Assignment: The material below contains a line with "ドイツ Sd.Kfz.10/4 1tハーフトラック" and a line with "Real Weddings |". Copy exactly those two lines and all lines between them.

=== Section Start ===

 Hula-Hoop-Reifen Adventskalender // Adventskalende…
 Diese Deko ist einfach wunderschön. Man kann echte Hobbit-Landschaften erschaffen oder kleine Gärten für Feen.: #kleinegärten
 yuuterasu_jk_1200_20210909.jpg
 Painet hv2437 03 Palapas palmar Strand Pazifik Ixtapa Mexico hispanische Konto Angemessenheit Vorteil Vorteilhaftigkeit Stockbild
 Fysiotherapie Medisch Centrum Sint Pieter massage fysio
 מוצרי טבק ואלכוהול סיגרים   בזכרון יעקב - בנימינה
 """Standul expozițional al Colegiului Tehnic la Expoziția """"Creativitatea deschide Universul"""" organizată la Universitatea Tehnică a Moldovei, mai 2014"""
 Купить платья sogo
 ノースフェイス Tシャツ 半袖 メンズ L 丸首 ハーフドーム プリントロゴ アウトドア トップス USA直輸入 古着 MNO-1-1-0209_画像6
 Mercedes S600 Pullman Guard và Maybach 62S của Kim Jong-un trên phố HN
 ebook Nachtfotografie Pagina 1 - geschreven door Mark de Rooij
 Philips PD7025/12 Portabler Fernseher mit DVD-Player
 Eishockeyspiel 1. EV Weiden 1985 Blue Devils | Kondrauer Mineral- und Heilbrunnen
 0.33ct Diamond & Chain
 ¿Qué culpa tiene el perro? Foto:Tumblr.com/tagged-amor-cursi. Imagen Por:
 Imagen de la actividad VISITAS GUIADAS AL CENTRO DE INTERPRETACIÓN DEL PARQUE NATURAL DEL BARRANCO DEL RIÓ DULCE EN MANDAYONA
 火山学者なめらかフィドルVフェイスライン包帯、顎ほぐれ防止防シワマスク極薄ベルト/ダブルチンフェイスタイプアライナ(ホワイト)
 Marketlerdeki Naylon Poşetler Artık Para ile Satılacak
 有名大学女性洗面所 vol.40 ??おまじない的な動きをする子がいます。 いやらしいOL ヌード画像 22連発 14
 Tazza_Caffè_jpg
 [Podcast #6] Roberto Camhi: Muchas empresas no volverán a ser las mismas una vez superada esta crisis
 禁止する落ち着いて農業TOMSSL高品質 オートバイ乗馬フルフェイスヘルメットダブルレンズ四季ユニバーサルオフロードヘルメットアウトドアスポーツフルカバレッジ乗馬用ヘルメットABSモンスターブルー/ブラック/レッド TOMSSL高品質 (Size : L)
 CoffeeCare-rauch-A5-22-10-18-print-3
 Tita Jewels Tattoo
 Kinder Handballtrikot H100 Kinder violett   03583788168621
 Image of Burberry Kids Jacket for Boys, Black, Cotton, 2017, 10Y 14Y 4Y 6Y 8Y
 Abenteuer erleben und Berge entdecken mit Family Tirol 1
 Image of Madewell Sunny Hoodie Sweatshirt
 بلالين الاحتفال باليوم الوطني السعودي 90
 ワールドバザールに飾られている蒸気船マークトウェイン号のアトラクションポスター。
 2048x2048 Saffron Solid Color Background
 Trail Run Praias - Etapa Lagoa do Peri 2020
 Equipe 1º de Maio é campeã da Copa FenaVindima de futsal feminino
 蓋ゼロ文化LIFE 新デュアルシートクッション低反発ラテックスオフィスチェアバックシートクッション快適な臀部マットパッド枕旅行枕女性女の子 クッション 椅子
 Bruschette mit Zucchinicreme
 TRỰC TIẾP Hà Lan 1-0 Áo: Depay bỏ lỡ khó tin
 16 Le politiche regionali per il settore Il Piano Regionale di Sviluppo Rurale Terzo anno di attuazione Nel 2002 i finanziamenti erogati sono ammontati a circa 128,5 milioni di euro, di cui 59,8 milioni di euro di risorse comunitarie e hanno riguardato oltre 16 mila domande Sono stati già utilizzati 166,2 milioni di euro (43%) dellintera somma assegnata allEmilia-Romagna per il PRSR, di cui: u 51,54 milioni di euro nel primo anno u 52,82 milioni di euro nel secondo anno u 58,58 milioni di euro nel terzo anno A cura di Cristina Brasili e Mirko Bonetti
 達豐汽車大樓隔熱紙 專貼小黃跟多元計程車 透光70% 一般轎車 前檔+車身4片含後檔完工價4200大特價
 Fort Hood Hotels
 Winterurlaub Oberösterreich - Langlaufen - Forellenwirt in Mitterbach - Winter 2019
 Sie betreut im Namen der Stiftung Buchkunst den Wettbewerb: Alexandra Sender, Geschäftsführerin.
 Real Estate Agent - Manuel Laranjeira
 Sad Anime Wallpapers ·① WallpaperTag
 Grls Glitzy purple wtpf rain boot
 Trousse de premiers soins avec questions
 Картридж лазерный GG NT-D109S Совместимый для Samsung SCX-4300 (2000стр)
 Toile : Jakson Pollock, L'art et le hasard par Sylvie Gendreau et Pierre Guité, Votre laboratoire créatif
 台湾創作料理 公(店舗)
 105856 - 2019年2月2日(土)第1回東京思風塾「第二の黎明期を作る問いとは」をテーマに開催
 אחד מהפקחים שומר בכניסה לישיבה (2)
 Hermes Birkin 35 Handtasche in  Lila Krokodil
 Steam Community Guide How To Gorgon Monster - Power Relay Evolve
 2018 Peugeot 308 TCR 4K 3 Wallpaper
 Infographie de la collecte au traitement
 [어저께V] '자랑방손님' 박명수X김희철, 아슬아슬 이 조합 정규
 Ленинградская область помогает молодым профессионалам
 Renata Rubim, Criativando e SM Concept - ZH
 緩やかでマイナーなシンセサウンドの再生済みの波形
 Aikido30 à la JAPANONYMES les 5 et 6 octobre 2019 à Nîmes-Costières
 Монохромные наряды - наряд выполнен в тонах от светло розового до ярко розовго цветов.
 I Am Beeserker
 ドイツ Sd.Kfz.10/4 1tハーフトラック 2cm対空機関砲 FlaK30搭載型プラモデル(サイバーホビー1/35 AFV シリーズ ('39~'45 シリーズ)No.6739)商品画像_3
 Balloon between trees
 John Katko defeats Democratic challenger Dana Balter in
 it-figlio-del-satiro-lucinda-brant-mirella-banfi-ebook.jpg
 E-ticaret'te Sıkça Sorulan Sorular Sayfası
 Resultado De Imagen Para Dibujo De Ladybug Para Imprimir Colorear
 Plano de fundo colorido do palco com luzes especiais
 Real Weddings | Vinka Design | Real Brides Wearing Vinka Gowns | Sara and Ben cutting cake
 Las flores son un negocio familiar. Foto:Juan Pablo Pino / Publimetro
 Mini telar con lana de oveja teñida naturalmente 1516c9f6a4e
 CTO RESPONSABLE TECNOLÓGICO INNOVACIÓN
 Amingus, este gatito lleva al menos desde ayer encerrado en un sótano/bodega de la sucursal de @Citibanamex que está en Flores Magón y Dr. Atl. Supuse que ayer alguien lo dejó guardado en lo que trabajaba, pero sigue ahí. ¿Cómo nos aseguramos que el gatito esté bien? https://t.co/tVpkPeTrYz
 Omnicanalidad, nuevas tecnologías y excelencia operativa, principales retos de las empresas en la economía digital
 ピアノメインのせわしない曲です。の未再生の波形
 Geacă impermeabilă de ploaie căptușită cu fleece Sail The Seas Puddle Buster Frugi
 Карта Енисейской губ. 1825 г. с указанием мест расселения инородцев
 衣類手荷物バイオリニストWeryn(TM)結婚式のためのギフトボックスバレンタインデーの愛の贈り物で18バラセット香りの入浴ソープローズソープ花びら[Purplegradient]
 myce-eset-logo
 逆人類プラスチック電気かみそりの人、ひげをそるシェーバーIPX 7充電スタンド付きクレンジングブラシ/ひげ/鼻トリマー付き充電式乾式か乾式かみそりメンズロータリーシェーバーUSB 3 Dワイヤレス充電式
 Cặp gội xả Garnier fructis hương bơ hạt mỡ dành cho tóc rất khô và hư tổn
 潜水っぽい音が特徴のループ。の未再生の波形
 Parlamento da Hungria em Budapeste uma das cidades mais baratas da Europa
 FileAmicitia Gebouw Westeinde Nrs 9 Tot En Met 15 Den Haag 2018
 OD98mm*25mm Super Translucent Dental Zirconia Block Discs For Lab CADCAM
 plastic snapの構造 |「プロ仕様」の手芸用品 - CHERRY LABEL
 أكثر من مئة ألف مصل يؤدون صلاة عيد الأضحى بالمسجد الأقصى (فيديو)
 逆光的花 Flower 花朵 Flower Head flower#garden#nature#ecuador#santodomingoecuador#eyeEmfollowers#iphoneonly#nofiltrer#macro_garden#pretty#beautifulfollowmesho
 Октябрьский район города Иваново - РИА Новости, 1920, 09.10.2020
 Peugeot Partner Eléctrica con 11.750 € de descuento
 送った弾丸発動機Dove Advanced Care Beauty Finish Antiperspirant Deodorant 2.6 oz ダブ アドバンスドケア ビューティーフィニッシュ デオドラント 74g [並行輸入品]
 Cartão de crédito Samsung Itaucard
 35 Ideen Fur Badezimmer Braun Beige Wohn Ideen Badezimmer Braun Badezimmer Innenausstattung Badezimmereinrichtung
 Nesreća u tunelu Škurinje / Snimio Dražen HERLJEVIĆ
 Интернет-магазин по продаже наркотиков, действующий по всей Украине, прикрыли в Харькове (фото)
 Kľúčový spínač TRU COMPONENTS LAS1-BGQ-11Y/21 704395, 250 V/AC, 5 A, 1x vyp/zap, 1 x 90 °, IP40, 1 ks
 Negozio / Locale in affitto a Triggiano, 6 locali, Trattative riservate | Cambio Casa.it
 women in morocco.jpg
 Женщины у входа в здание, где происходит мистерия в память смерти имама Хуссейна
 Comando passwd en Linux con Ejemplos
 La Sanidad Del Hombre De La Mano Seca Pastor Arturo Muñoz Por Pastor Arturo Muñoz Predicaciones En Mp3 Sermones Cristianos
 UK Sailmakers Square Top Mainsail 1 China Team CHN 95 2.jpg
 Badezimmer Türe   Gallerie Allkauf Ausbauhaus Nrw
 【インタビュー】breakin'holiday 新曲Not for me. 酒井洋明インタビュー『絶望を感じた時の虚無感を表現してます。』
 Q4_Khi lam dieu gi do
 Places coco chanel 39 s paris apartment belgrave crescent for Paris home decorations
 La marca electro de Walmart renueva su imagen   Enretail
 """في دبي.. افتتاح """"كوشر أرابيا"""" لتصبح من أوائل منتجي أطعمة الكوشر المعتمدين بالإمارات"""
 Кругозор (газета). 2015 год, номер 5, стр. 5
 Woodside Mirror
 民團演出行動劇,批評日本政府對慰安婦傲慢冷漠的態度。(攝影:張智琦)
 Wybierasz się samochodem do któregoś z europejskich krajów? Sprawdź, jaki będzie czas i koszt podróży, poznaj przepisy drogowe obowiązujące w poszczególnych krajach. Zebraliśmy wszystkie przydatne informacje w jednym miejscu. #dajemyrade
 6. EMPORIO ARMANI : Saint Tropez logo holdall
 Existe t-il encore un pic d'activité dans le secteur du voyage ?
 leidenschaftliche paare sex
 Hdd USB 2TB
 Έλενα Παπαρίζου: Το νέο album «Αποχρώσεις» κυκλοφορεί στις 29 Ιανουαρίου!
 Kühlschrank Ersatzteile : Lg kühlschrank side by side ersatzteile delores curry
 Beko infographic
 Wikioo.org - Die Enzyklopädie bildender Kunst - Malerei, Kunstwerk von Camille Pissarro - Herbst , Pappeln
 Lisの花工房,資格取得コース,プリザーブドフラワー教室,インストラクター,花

=== Section End ===

Output for this exercise:
 ドイツ Sd.Kfz.10/4 1tハーフトラック 2cm対空機関砲 FlaK30搭載型プラモデル(サイバーホビー1/35 AFV シリーズ ('39~'45 シリーズ)No.6739)商品画像_3
 Balloon between trees
 John Katko defeats Democratic challenger Dana Balter in
 it-figlio-del-satiro-lucinda-brant-mirella-banfi-ebook.jpg
 E-ticaret'te Sıkça Sorulan Sorular Sayfası
 Resultado De Imagen Para Dibujo De Ladybug Para Imprimir Colorear
 Plano de fundo colorido do palco com luzes especiais
 Real Weddings | Vinka Design | Real Brides Wearing Vinka Gowns | Sara and Ben cutting cake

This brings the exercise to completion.